Os músculos humanos – e a fisiologia do corpo –, ao contrário dos de outros grandes mamíferos, não foram dotados pela natureza de força excepcional, apenas aquela necessária para desenvolver os movimentos, não restando alternativa, àquele que pretender ser eficiente, senão observar como as forças cósmicas atuam, quais suas consequências na estrutura corporal humana e como otimizá-las em favor do movimento desejado.
Qualquer ação humana física que empreenda movimento com vetor contrário às leis da natureza estará previamente fadada ao fracasso. O movimento em si representa essa luta entre o corpo e as leis que dominam o universo, não havendo mais qualquer dúvida de que a que lado caberá sempre a vitória. O não-movimento está a serviço dessa descontaminação ou purificação. Tal como no fenômeno da não-mente, não se acrescenta ação, retira-se.

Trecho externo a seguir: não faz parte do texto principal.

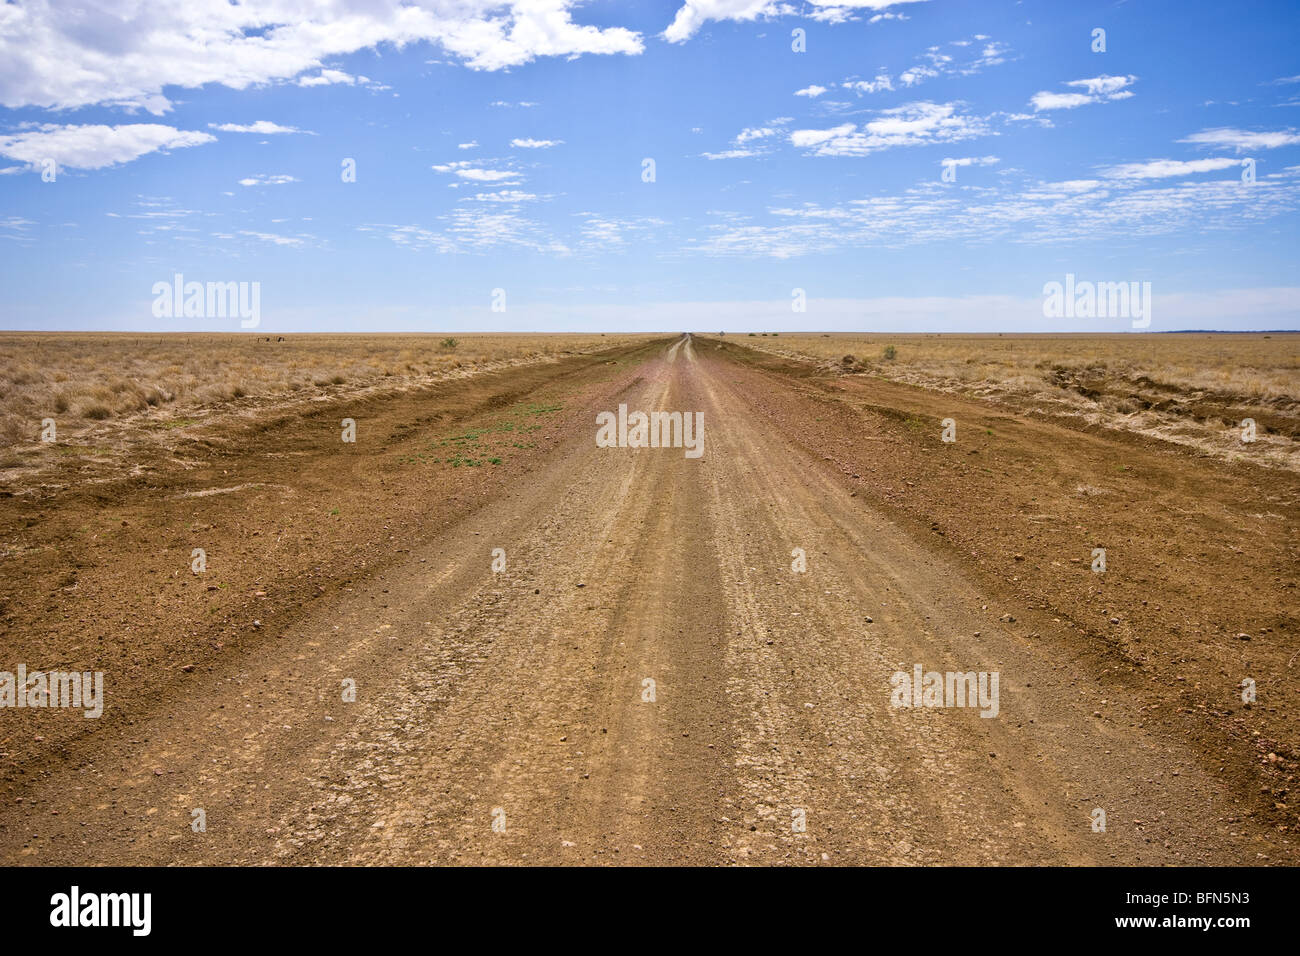 Eine grobe Schotterpiste bildet eine wichtige Verkehrsader im Outback. Stockfoto

O vitorioso desse embate será aquele que souber compreender a interação das forças físicas com as estruturas do corpo humano nos seus mais recônditos detalhes. E, para isso, o translado da doutrina da não-mente (mushin) para o universo físico não representa mera alternativa, mas a única solução.
Fernando Malheiros Filho
é professor de karatê-dô, historiador
e advogado, especialista em direito
da família e sucessões.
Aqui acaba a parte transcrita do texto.